Serralves, antes que o inverno acabe
Serralves
é uma rua por onde ninguém passa, um portão por onde se entra, um mundo inteiro
que se estende sob os nossos pés e se alarga para lá do nosso olhar. Serralves
é um edifício de que quase se não dá conta, um museu, Álvaro Siza escondido em
cada recanto de luz que enche todos os espaços e jorra de todas as janelas. Um
labirinto em que apetece perder-mo-nos, uma ansiedade que se dissipa, um fármaco
que se poupa.
O
edifício é novo, arejado, sóbrio. Tanto que se não dá por ele e se não consegue
descrevê-lo com um mínimo de rigor. Tudo o que se pensar ou que se disser fica
aquém do que se vê e do que se sente. E
no entanto ele está ali, discreto, quase perdido junto ao muro que protege uns
vastos hectares de terreno, como se tivesse resultado de escavações
arqueológicas que não buliram com o meio ambiente. Percorre-se-lhe o espaço que
ocupa, as salas que se sucedem, as exposições que exibe e a luz que se não
perde. Que não nasce a oriente e que se não põe a ocidente.
O
parque fica para lá dos portões sempre fechados, por onde ninguém entra, salvo
nos dias festivos, de ainda maior afluência e acessos grátis, tanto quanto sei.
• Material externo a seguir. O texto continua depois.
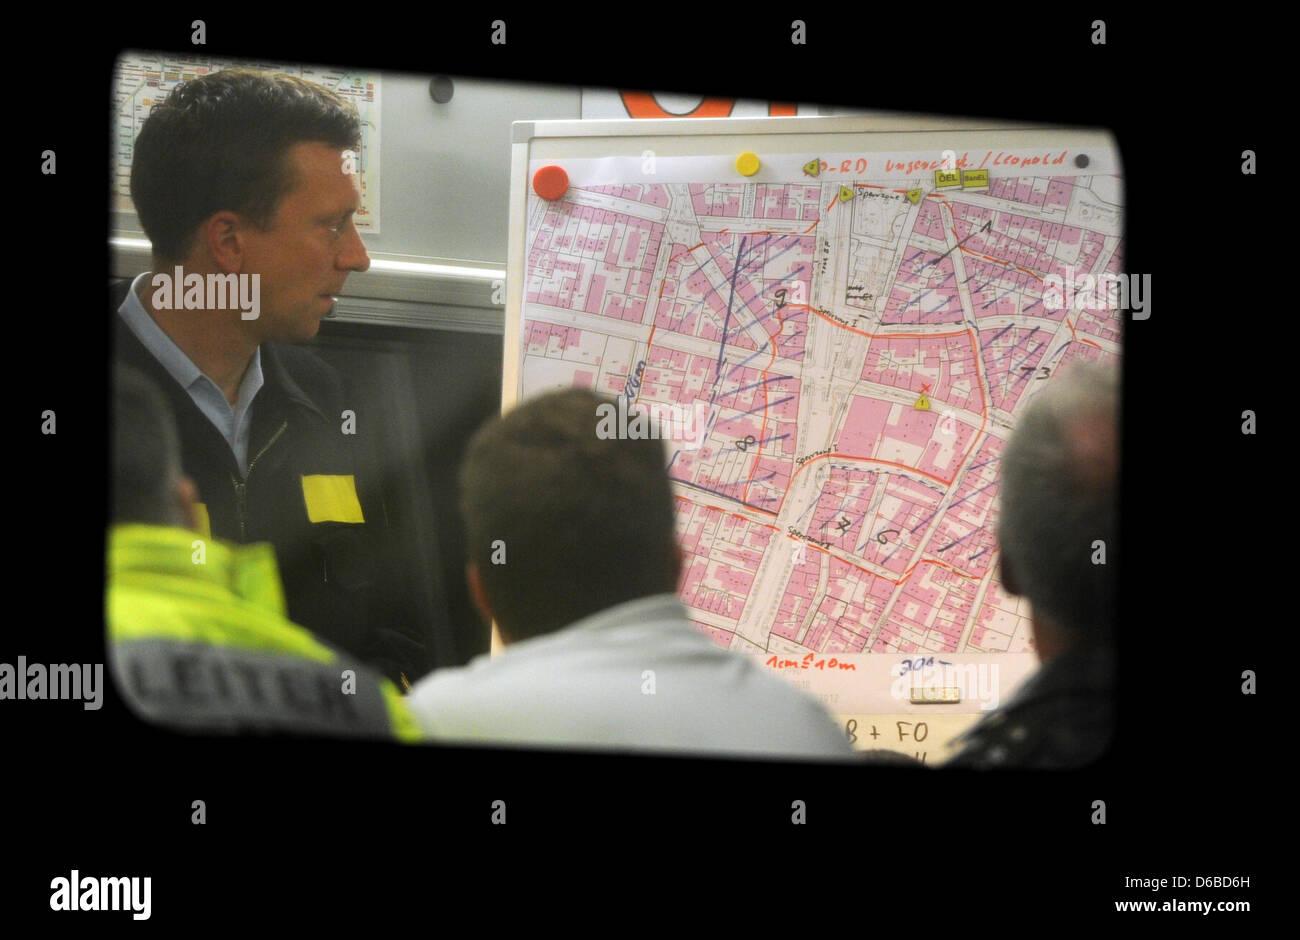 Acción obliga a planificar su funcionamiento después de una bomba de 250 kg había sido descubierto en Munich, Alemania, a comienzos del 28 de agosto de 2012. El dud se encontró durante las obras de construcción de los locales de un antiguo pub causando alrededor de 2.500 personas a evacuar sus hogares. Foto: Marc Mueller Foto de stock

E espraia-se por terrenos diversos, acolhe flores, aromáticas, espécies
seculares, desce escadas, contorna lagos, uma pausa algures para um café. Uma
alameda de liquidambares que os biólogos um dia me dirão o que são, onde a
primavera começa e o inverno acontece. E, sorrateiramente, acaba se nos
descuidamos. Tenho uma paixão no parque, silenciosa, convicta, para toda a
vida. Um castanheiro, junto ao roseiral, ainda de ramos despidos, erguidos em
prece para que a explosão da primavera lhe traga roupa nova.
A
casa dá o nome a todo o espaço, com a entrada principal virada a norte, onde
corre, tranquila, a rua de Serralves. O portão fechado, a porta principal
também. A cor rosa empresta-lhe um ar distinto para que sobressaia no meio do
ambiente deslumbrante que a rodeia. Ali morou gente, dali se avista tudo, ali
pisamos mármores que já serviram outros propósitos, deles se fez conforto de
lareira, requinte de escada, utilidade de banheira.
Por
isso Serralves tinha de ser. Rapidamente, antes que o inverno acabe!